Cisco® continues to strengthen the Cisco Unified Wireless Network with software enhancements and hardware products that are available with Cisco Unified Wireless Network Software Release 4.1. With this release, Cisco deepens the richness of its portfolio of mobility services including enhanced security, guest access, voice services and location services. This new release delivers:

• Unified management across large and very large networks with the new Cisco Wireless Control System (WCS) Navigator

• Enhanced WLAN management, optimization, scalability, and performance from new Cisco WCS reports, ease-of-use features, templates, guest access enhancements and tools for client troubleshooting, CiscoWorks Wireless LAN Solution Engine (WLSE) migration and interference detection

• Support for Cisco's diverse global customers with two new Cisco Aironet® access points

• Infrastructure enhancements that improve support for roaming clients, facilitate wired device mobility, support local user authentication at branch and remote offices, and enhance VoWLAN performance

• Increased flexibility, reliability and monitoring of wireless mesh networks

• Flexibility to mix and match Wi-Fi tags and applications from different vendors with the new Cisco Compatible Extensions Wi-Fi tag specification developed with cross-vendor engagement

• High-accuracy deterministic location-based notifications from Cisco Compatible Extensions Wi-Fi Tags as they enter, exit, or move past a chokepoint

• End-to-end security with Management Frame Protection (MFP) from Cisco Aironet 802.11a/b/g CardBus Wireless LAN Client Adapters and Wireless PCI Adapters

This release contains new features, as well as support for the features delivered in Cisco Unified Wireless Network Software Release 4.0. It introduces support for the following new features:

• Cisco Aironet® access points

– Cisco Aironet 1240G Series and 1130G Series Access Points

• Cisco Wireless LAN Controllers:

– Support for Cisco Wireless LAN Controller Network Module Enhanced (WLCM-E) for integrated services routers

– Load-based Call Admission Control (CAC) for voice over wireless LAN (VoWLAN)

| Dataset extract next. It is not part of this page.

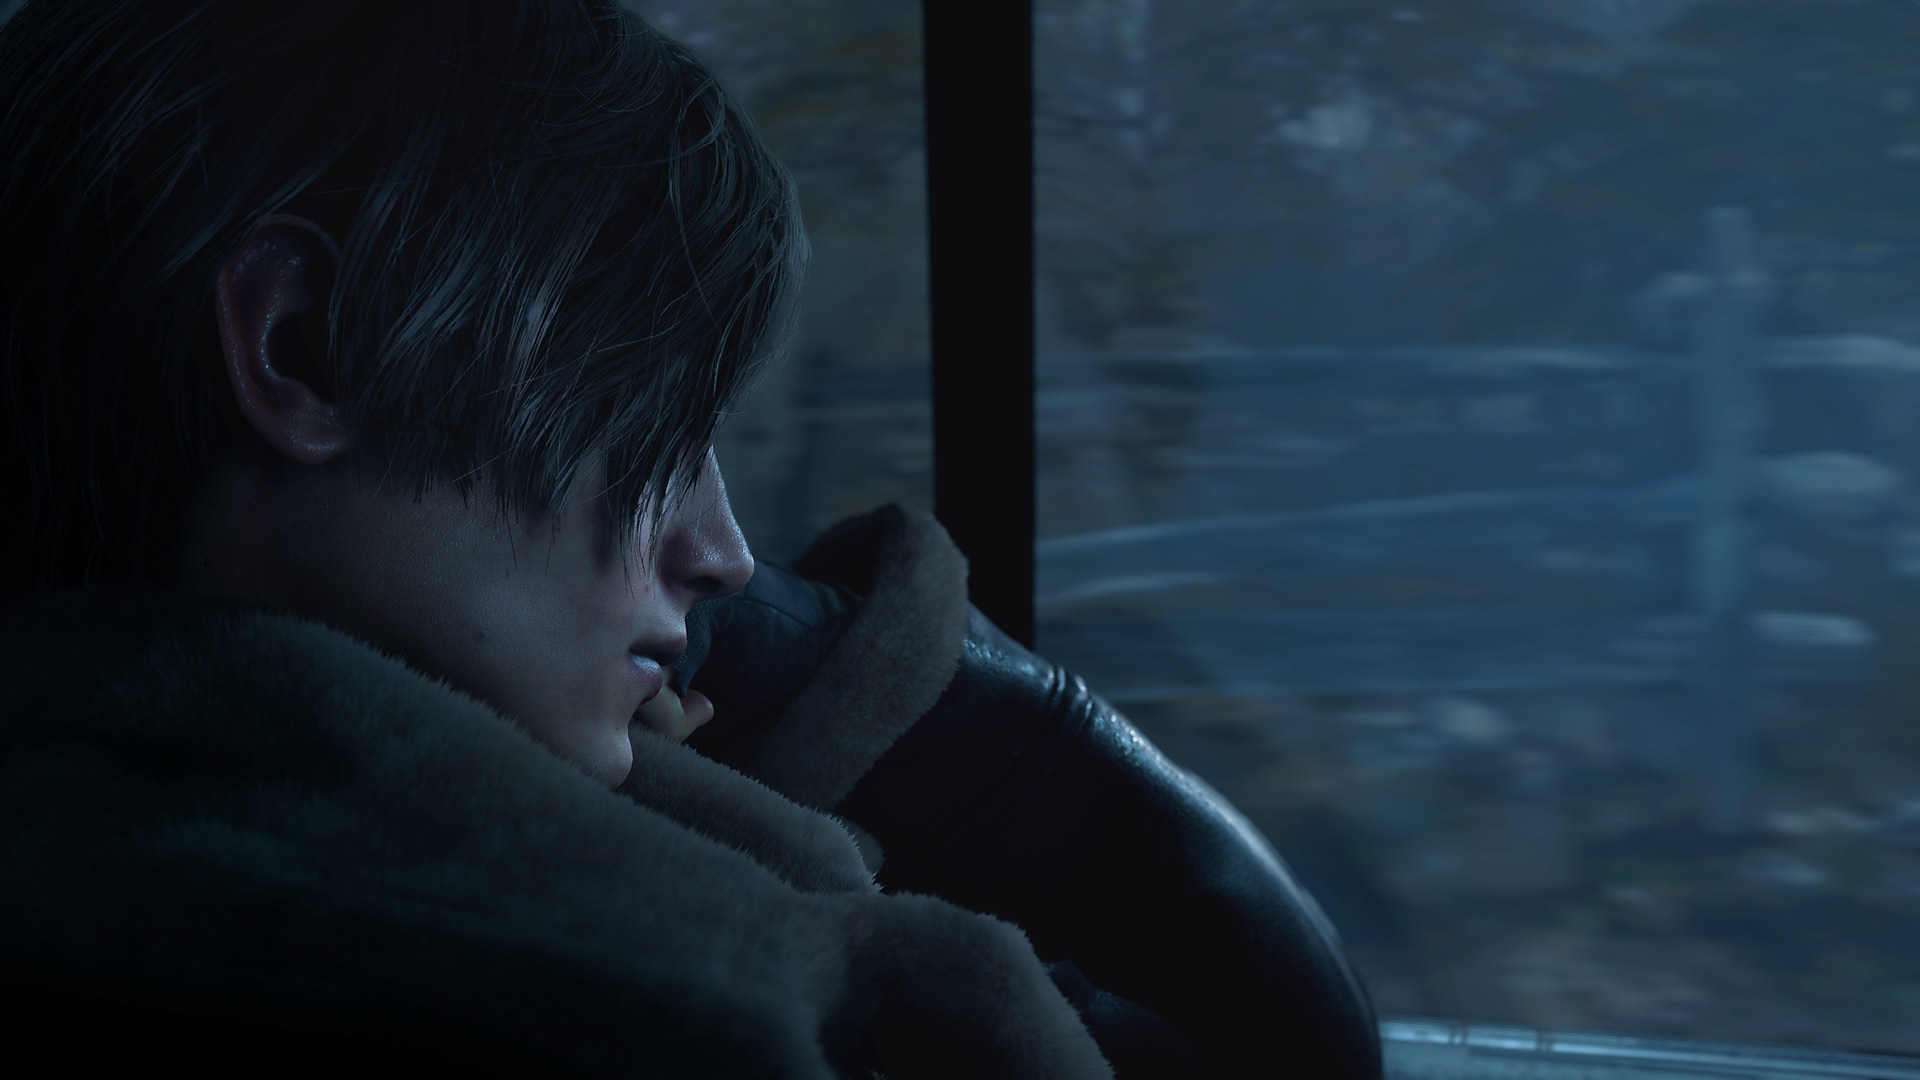 Resident Evil 4 - screenshot met Leon Kennedy die achterin een rijdende auto zit.

– Anchor wireless LAN controller failover

– Autonomous access point workgroup bridge (WGB) support

– Local Extensible Authentication Protocol (EAP) termination

– Symmetric mobility tunneling

– Federal Information Processing Standards (FIPS) 140-2 Level 2 validation and recertification

– TACACS+ support

– Multiple country controller

– Cisco Discovery Protocol enhancements

– Regulatory domain update for Japan

– Expedited bandwidth request

• Cisco Aironet 802.11a/b/g CardBus Wireless LAN Client Adapter and Wireless PCI Adapter

– Management Frame Protection (MFP)

• Cisco Wireless Control System (WCS) Navigator

– Cisco WCS Navigator

• Cisco WCS

– Cisco WCS Enterprise License

– Reporting enhancements

– Ease-of-use enhancements

– Bulk provisioning of Cisco wireless LAN controllers

– Client troubleshooting tool

– Guest Access enhancements

· Automated guest user access scheduling

· Guest user credential emailing

· Flexible guest access provisioning by Cisco wireless LAN controller group

· Mapping of guest users to Cisco WCS maps

· Logging guest user provisioning personnel activities

– Integration with Cognio Spectrum Expert

– Integration with TACACS+ server

– New wireless LAN controller configuration templates

– Data migration from CiscoWorks Wireless LAN Solution Engine (WLSE)

– Increased scalability

– Planning mode support for irregularly shaped buildings

– Japanese Microsoft Windows support

• Cisco wireless mesh enhancements

– Universal access

– Routing around interference

– Wireless mesh alarms and reports

– Backhaul background scanning

– Infrastructure WGB support

– CAC

– Enhanced backhaul security

– Outdoor location support: Nearest access point

– High-speed roaming

• Cisco 2700 Series Wireless Location Appliance

– Cisco Compatible Extensions Wi-Fi Tag specification

– Telemetry information

– Battery information

– Emergency group notifications

– Chokepoint support

– New Location Protocol (LOCP)

– Location appliance algorithm enhancements for antenna elevation and azimuth

New Features

The following new features are included in Cisco Unified Wireless Network Software Release 4.1. These features are supported by Cisco Aironet® access points running Lightweight Access Point Protocol (LWAPP); Cisco 2100 and 4400 Series Wireless LAN Controllers; the Cisco Catalyst® 6500 Series Wireless Services Module (WiSM); the Cisco Wireless LAN Controller Module (WLCM) and Cisco Wireless LAN Controller Module Enhanced (WLCM-E) for integrated services routers; the Cisco Catalyst 3750G Integrated Wireless LAN Controller; the Cisco 2700 Series Wireless Location Appliance; Cisco WCS, and Cisco WCS Navigator as noted.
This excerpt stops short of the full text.